### What you will do
Nothing but the lines below between the line holding "3視点洗面所 vol.54 オマンコギャル エロ画像 79連発 52" and the line holding "緊迫感のあるボス戦闘BGM【ループ】の再生済みの波形", inclusive, should appear in the answer, each set down exactly.

### The input
══════

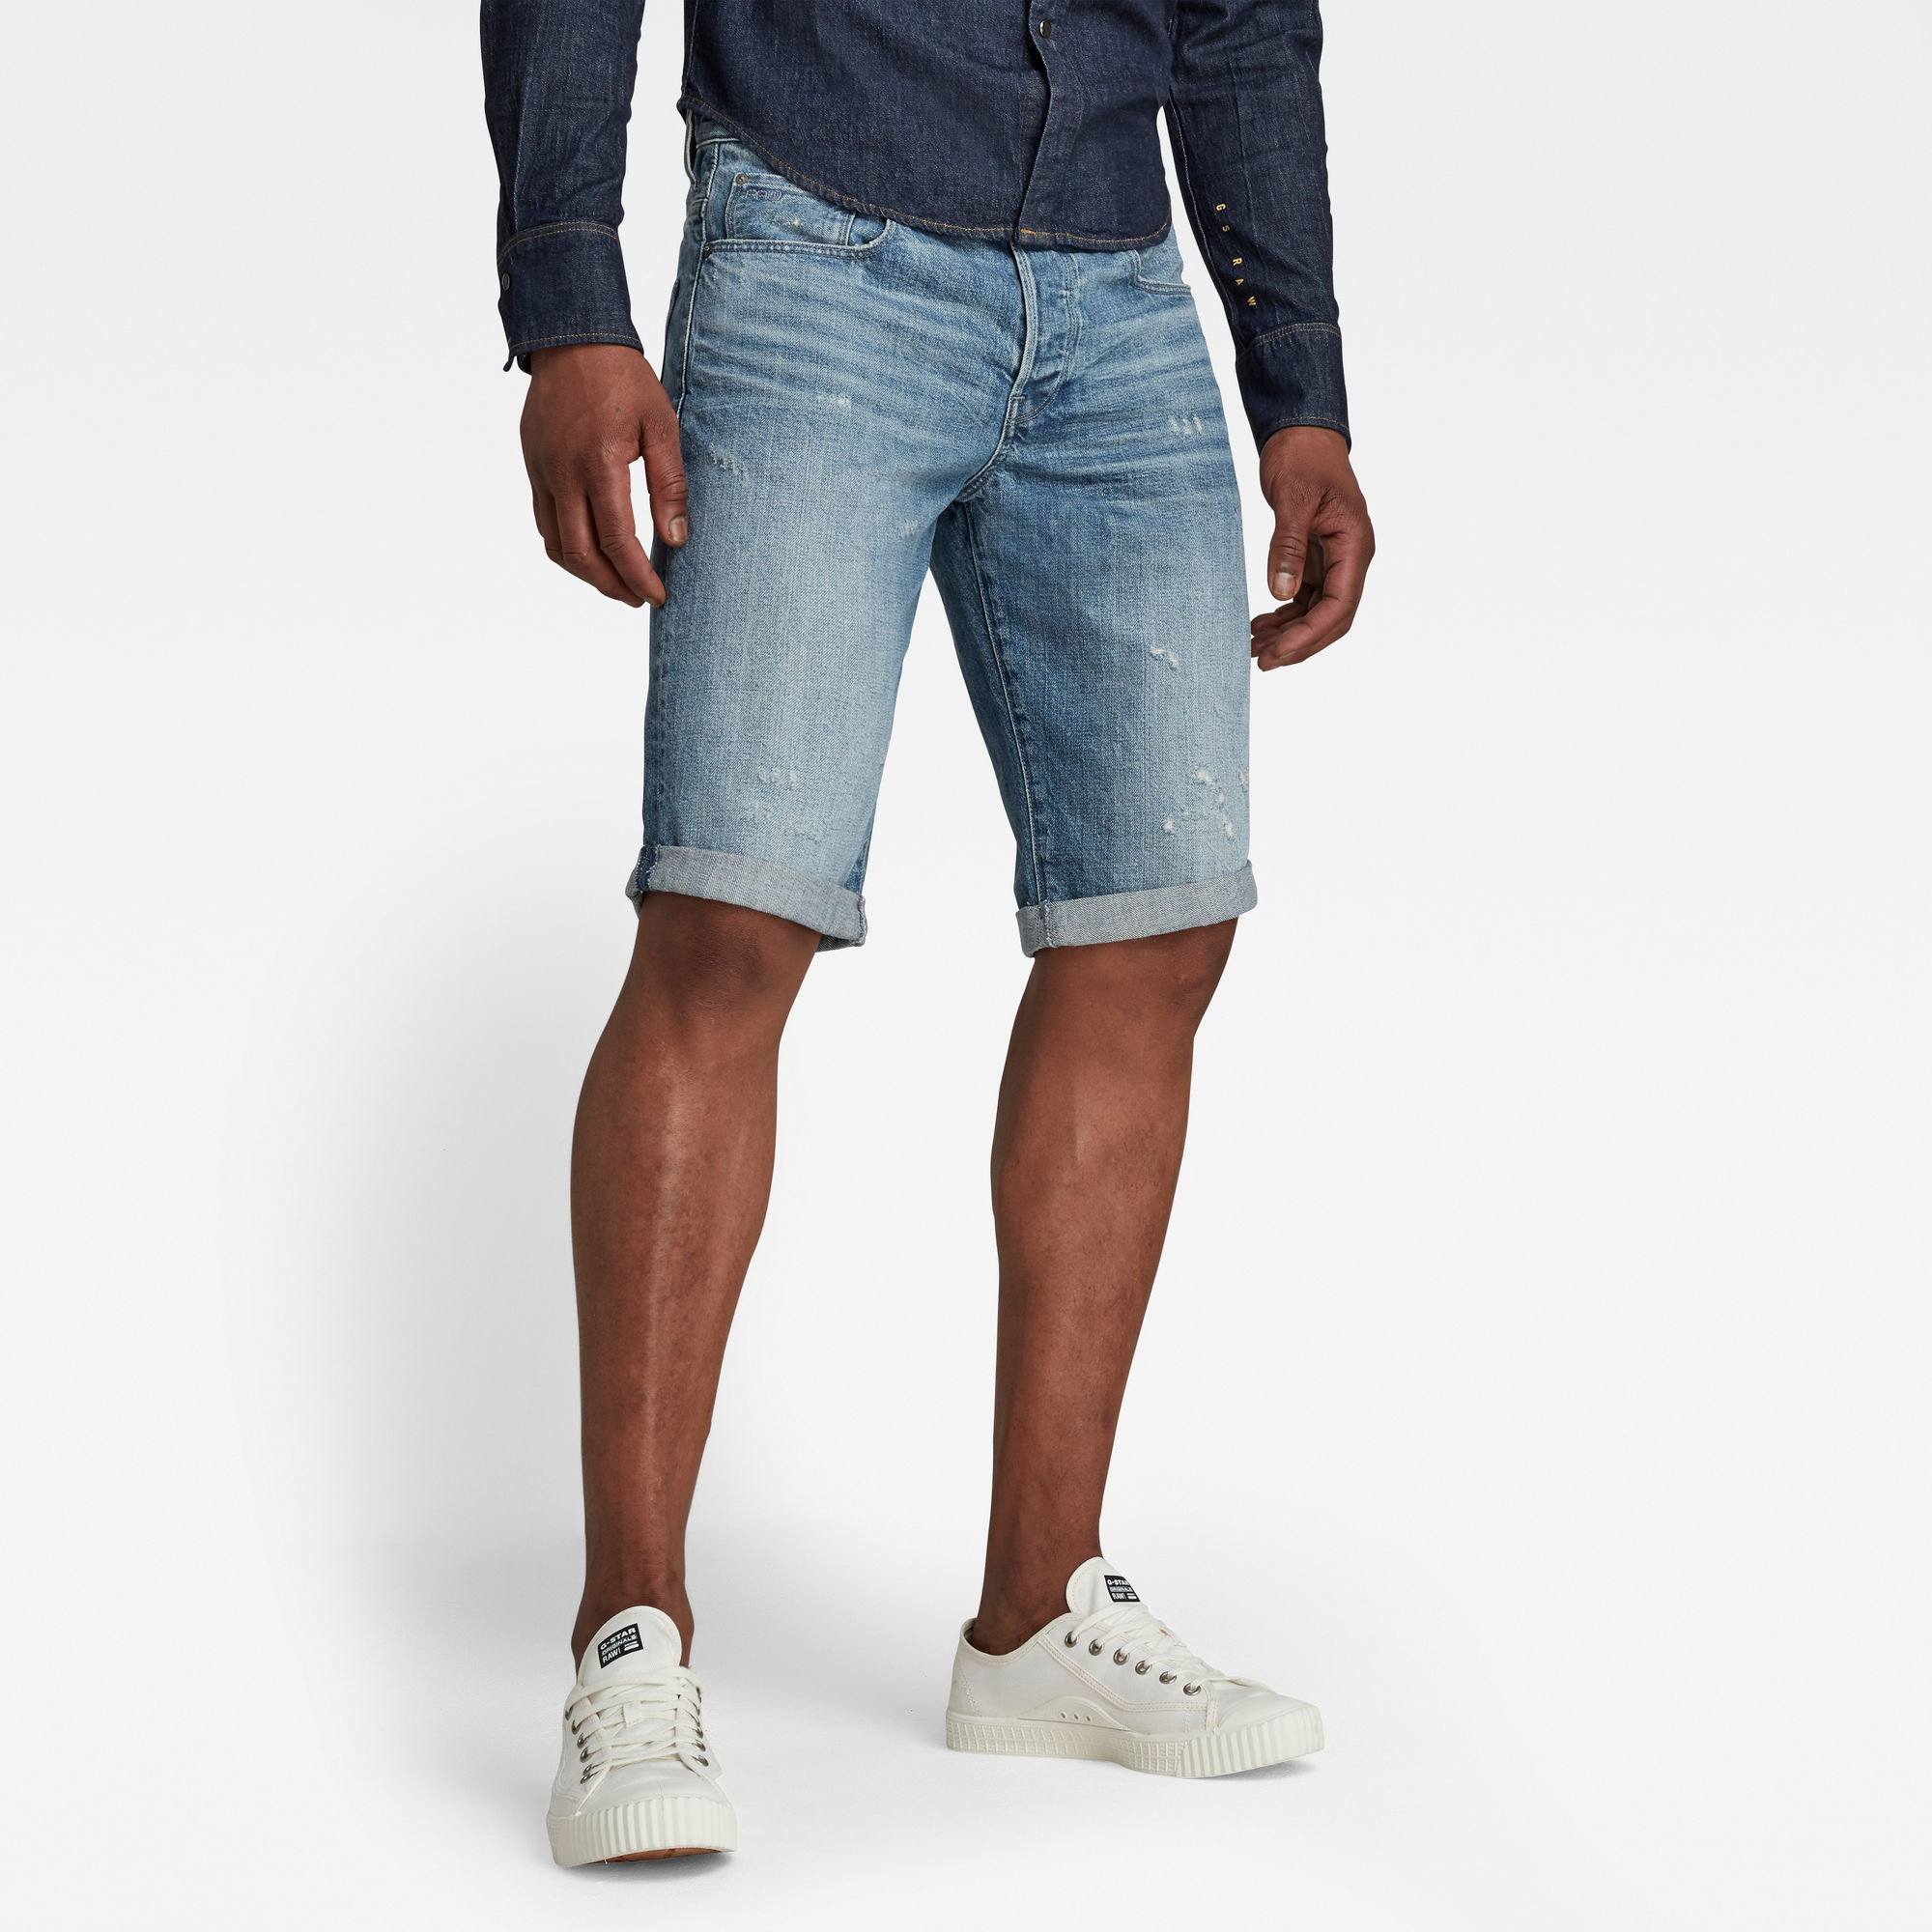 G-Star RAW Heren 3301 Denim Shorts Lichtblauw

══════

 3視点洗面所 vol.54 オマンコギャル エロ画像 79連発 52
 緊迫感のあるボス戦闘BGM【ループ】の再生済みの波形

══════

### Expected output
 3視点洗面所 vol.54 オマンコギャル エロ画像 79連発 52
 緊迫感のあるボス戦闘BGM【ループ】の再生済みの波形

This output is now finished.